The research was performed in the framework of the National Science Foundation’s (NSF) Center for Aerosol Impacts on Chemistry of the Environment (CAICE), which has its headquarters at the Scripps Institution of Oceanography and the Department of Chemistry and Biochemistry at UC San Diego. “A strong motivator for this work has been the importance of N2O5 for atmospheric chemistry, human health and the environment. For these reasons the fate of N2O5 in the atmosphere has also been an important research focus in the CAICE center,” said Limmer, assistant professor at UC Berkeley.
It is known that up to 50% of emitted nitrogen oxides (NOx) are removed by hydrolysis of N2O5 in the troposphere. NOx, by the way, has significant importance for human health and the environment – it is toxic with adverse effects on the immune system and respiratory function, it leads to acid rain, and it leads to ozone layer depletion.
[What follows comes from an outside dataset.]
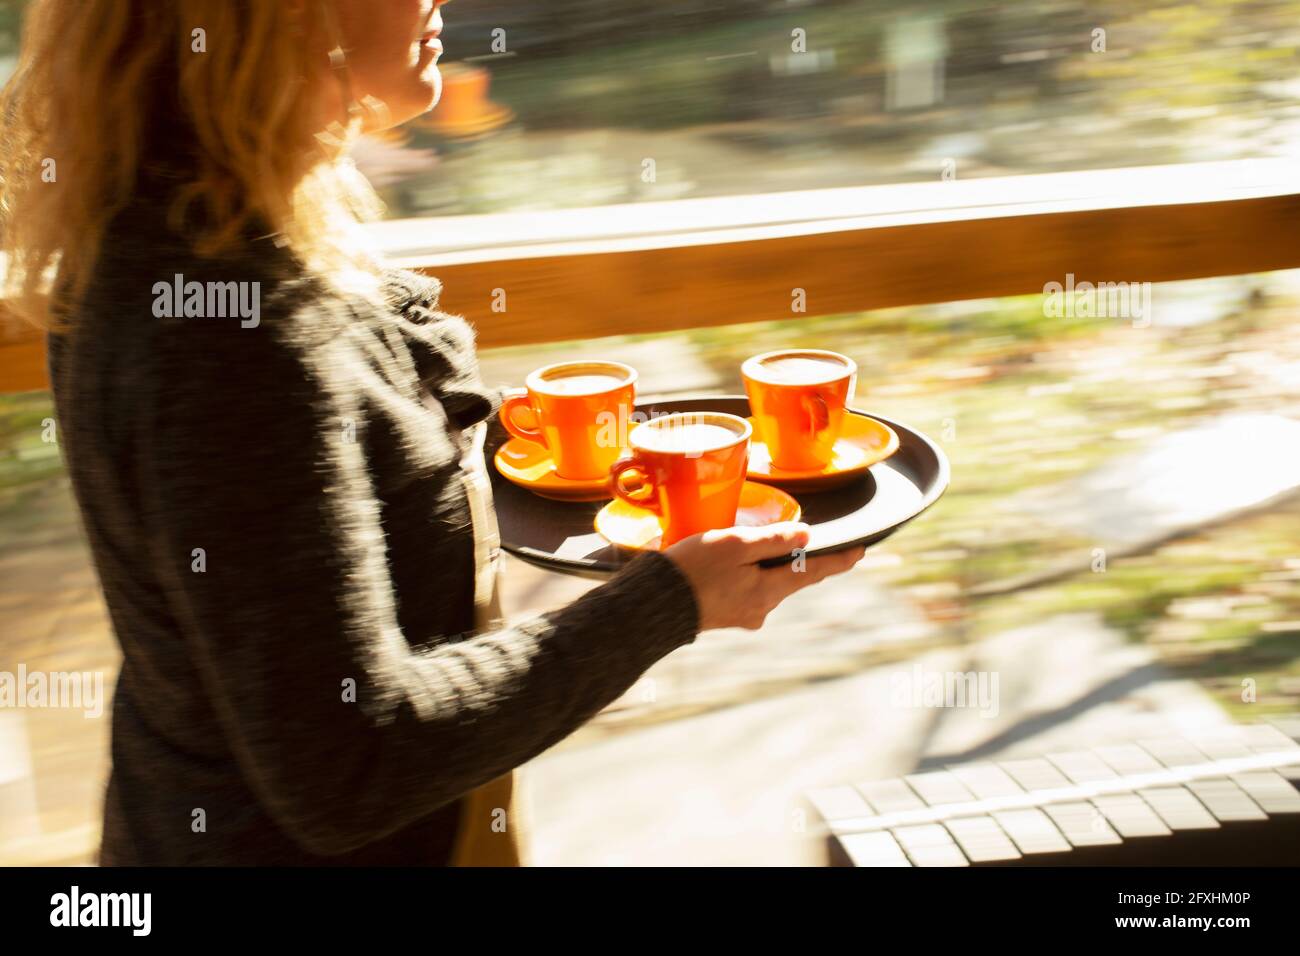 Girl's Hand Watch Bracelet Cup Coffee Foam Tray Accessories Tea Stock Photo  by ©ivankyryk 232853148
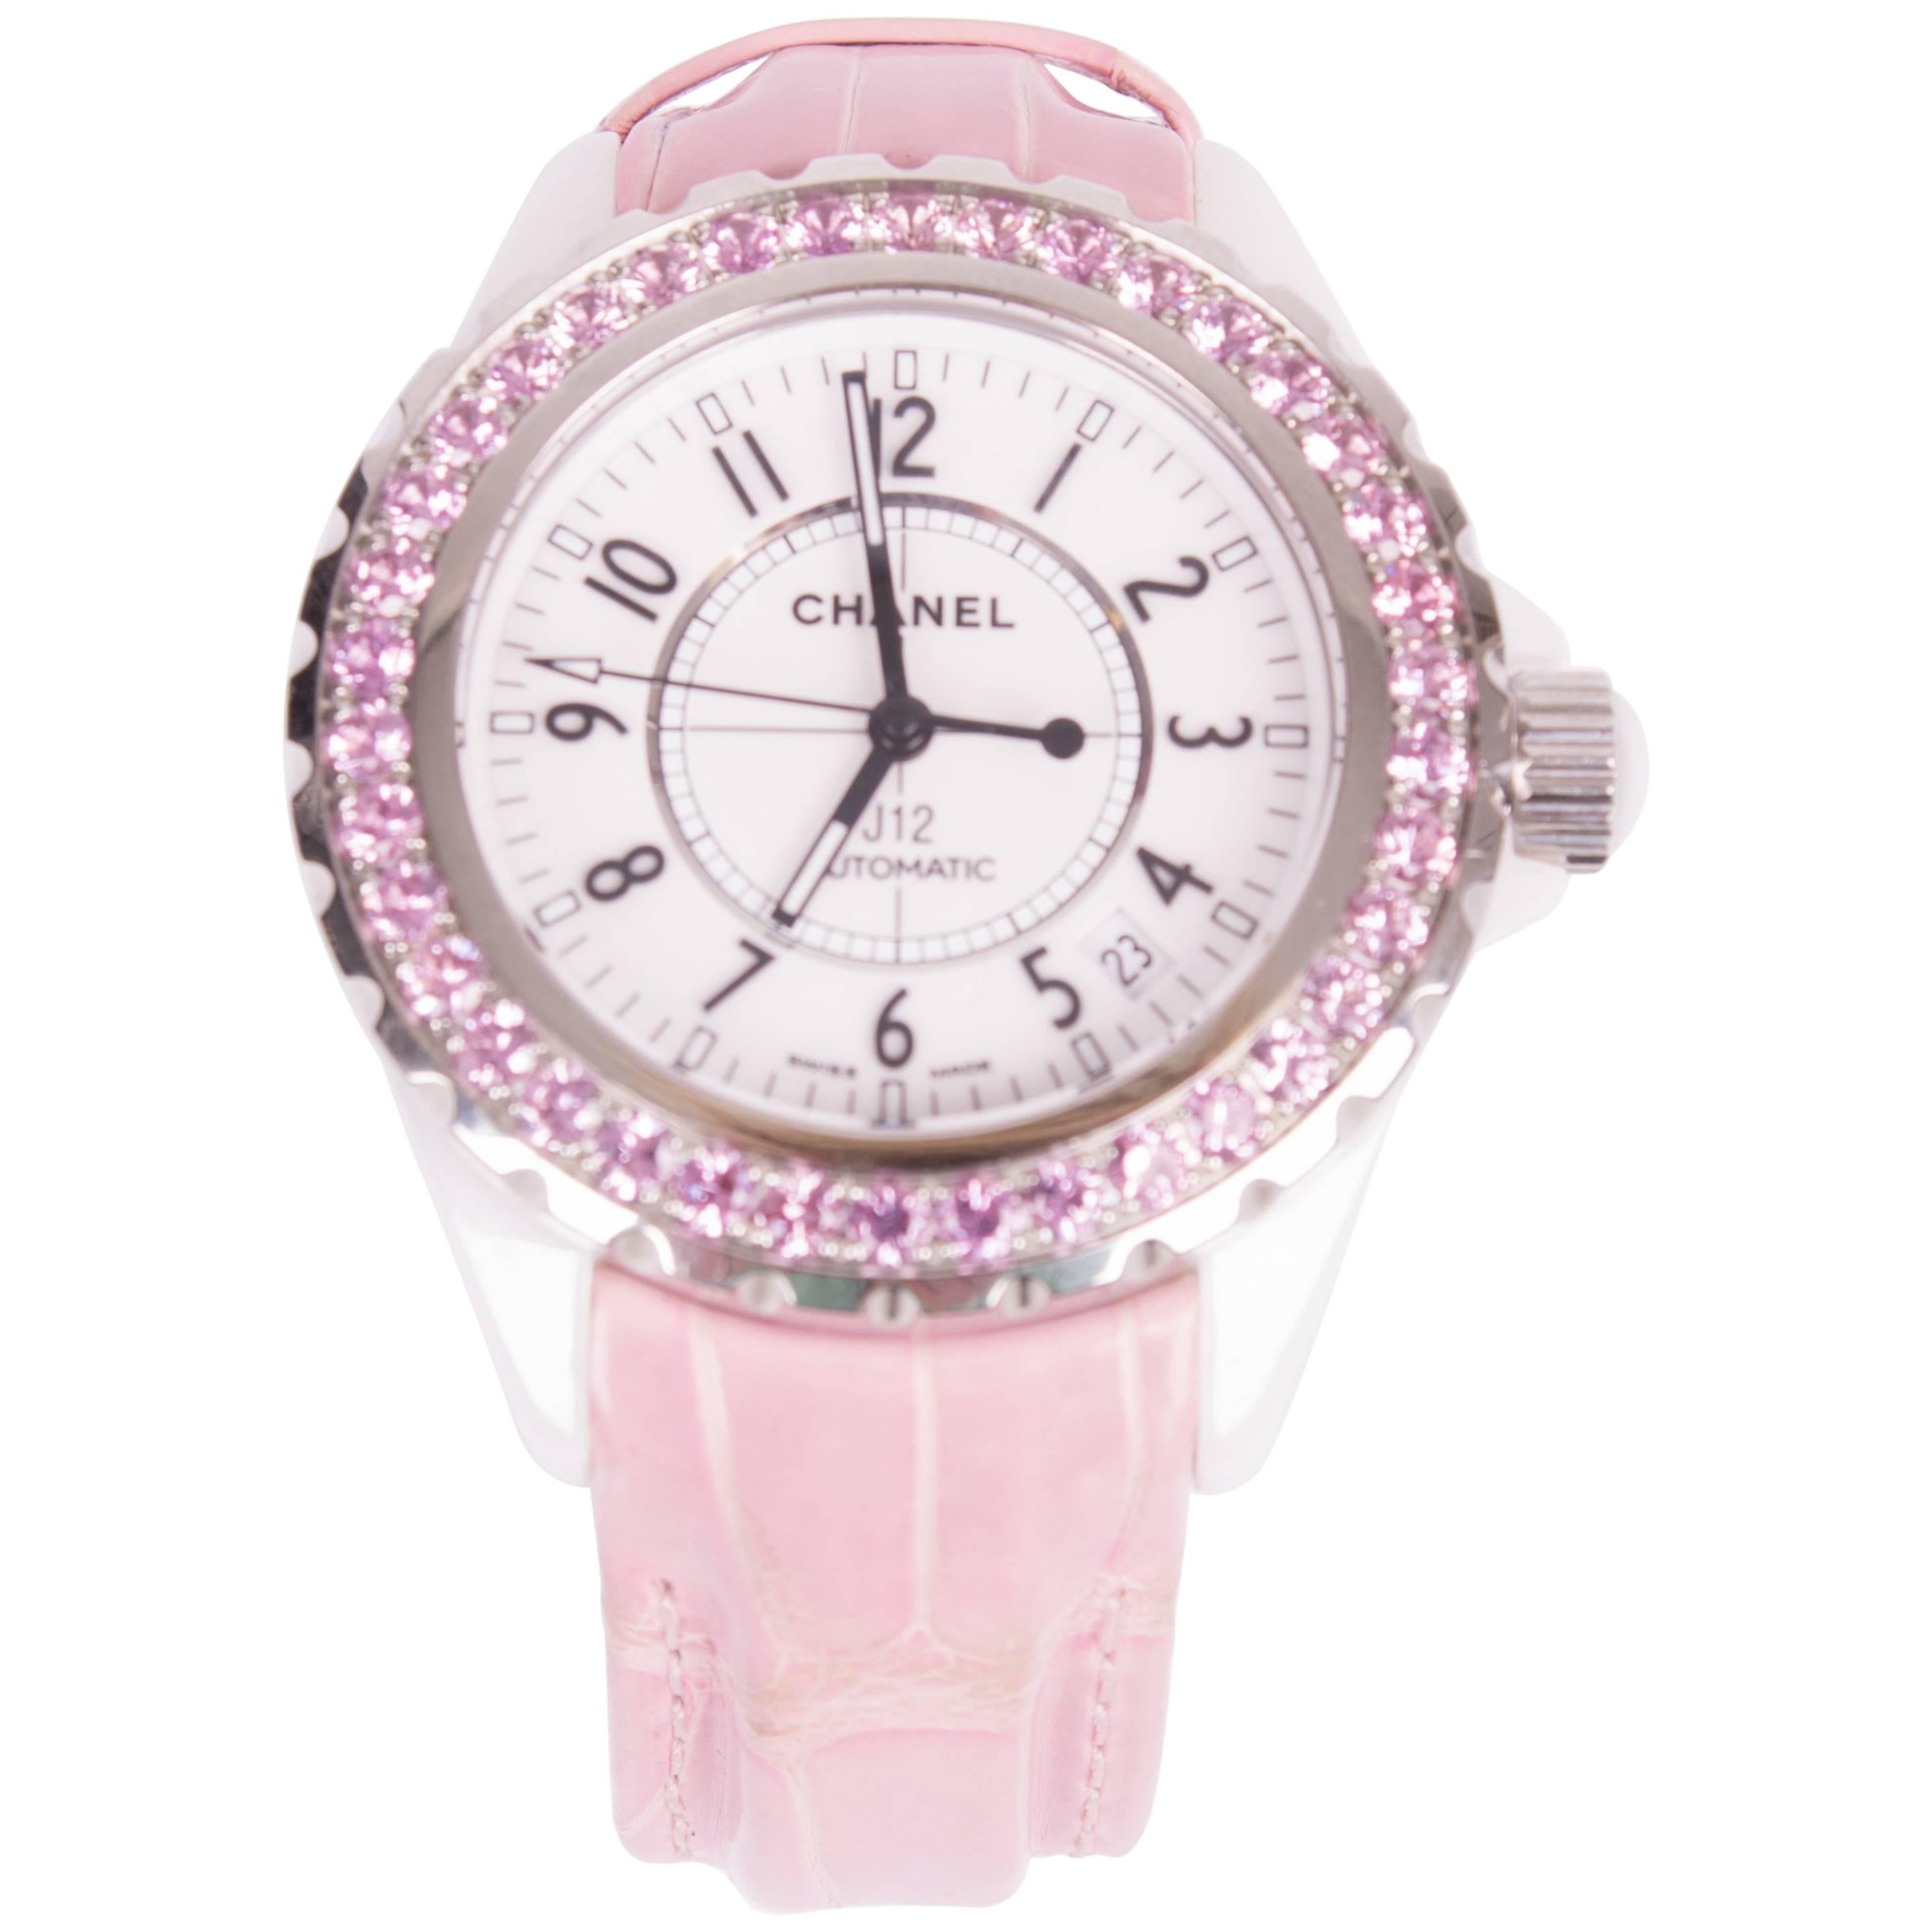 Chanel J12 Pink Sapphire Watch - pink crocodile strap

Notably, reactions of N2O5 with aerosol reduce the concentration of NOx pollutants in the atmosphere. Molecular simulations provide a quantitative picture of this process and demonstrate the importance of the water interface.
“The molecular dynamics simulations are computationally very expensive and need to run for a sufficiently long time to obtain converged results. We were in the lucky position to have ample computational time on SDSC Expanse and Texas Advanced Computing Center (TACC) Stampede via an XSEDE (Extreme Science and Engineering Discovery Environment) research allocation, as well as the aerosol compute cluster that I operate for CAICE research at SDSC,” said Goetz.
According to Goetz, it was particularly intriguing how complex the chemistry of such a seemingly simple small molecule like N2O5 can be, to the point that it has eluded full understanding for many decades. “In previous work we developed a computational model for N2O5 and its interactions with water based on highly accurate quantum mechanical reference calculations,” he said. “The time was thus right for this project. We had all ingredients and tools in place including computer power to address remaining questions on the uptake of N2O5.”
This research was performed collaboratively by Goetz’ and Limmer’s research groups, including postdoctoral fellow Galib and Cruzeiro, who performed most of the simulations. The research team also benefited from discussions with Paesani and University of Wisconsin-Madison (UW-Madison) professors Timothy Bertram and Gilbert Nathanson, who are part of CAICE, as well as the wider CAICE research community.
This study was funded by the NSF through CAICE (grant no. CHE 1801971). The project involved XSEDE resources, supported by the NSF (grant no. ACI 1548562).